Я не знаю, как к ней относиться. Уважение? Неприязнь? Что-то среднее.
Но я вынуждена ей доверять. Жизнь моего ребёнка — в её руках.

У неё нет цели понравиться. Она не гладит по голове, не уговаривает, не утешает.
Да это и не её работа. Её задача — бороться с инфекциями, а не с моими паническими атаками.

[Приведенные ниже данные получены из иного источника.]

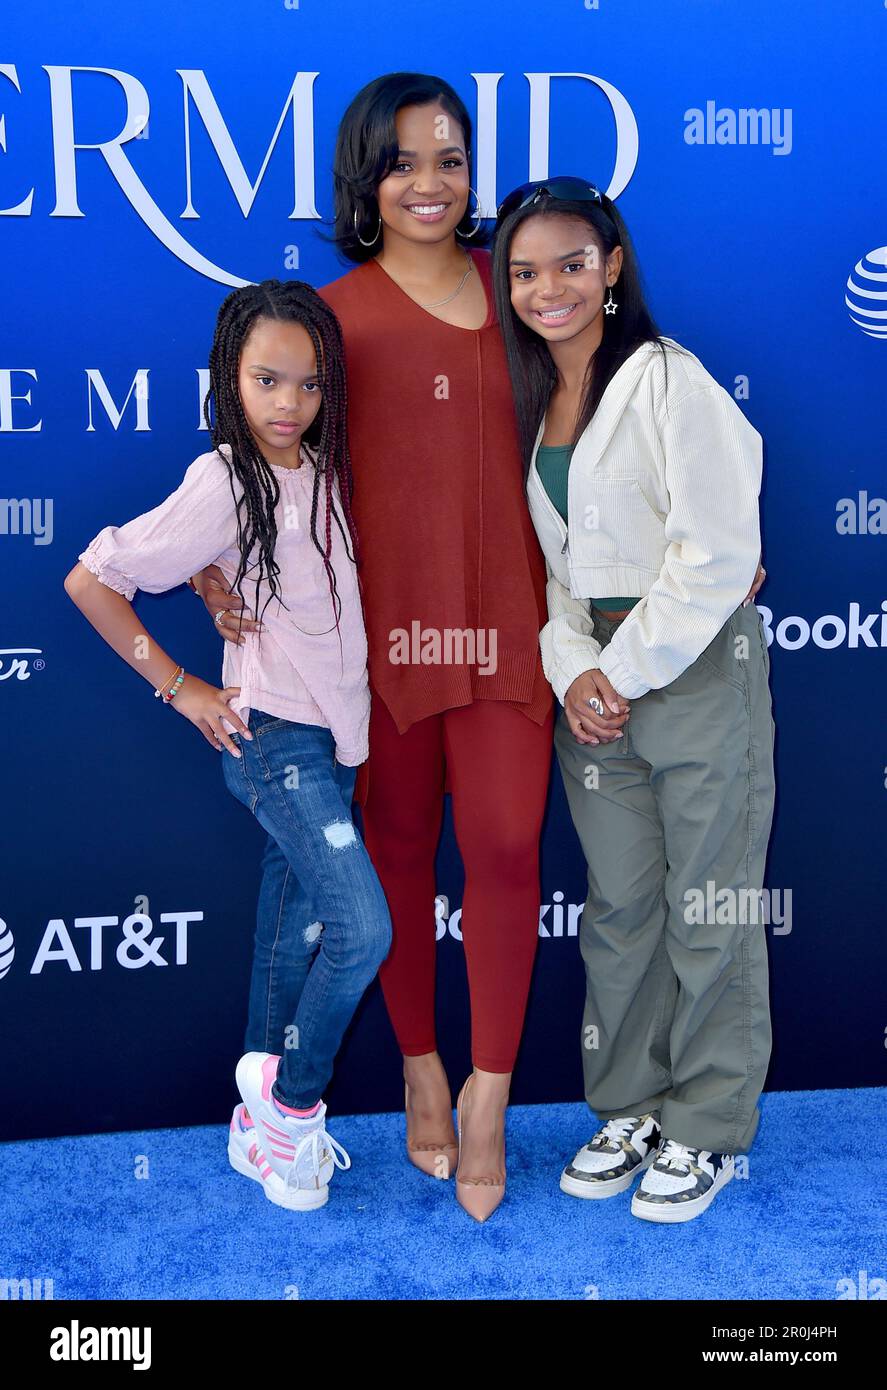 Kyla Pratt, center, and daughters Liyah Kilpatrick, right, and Lyric Kai Kilpatrick arrive at the world premiere of "The Little Mermaid" on Monday, May 8, 2023, at the Dolby Theatre in Los Angeles. (Photo by Jordan Strauss/Invision/AP) Stockfoto

Она выглядит уставшей. Красные глаза за стеклами очков выдают бессонные ночи.
Я уже не пристаю к ней с вопросами. Просто наблюдаю, как дочка идёт на поправку.

Два дня назад ребёнок еле держался в сознании, а теперь уже сидит, ест яблоко и даже улыбается.
Ирина осматривает её, слушает, кивает:
— Умница, Катя.
А мне — ни слова.
Но я и не жду уже.

После обеда в соседний бокс привозят тяжёлого малыша — ему всего год.
Состояние — критическое.
В этой инфекционной больнице нет отделения реанимации, поэтому Ирина начинает обзванивать крупные клиники, требует перевода.
Но в ответ — холодный отказ: «Мест нет. Лечите сами. Нейроинфекция — не наш профиль».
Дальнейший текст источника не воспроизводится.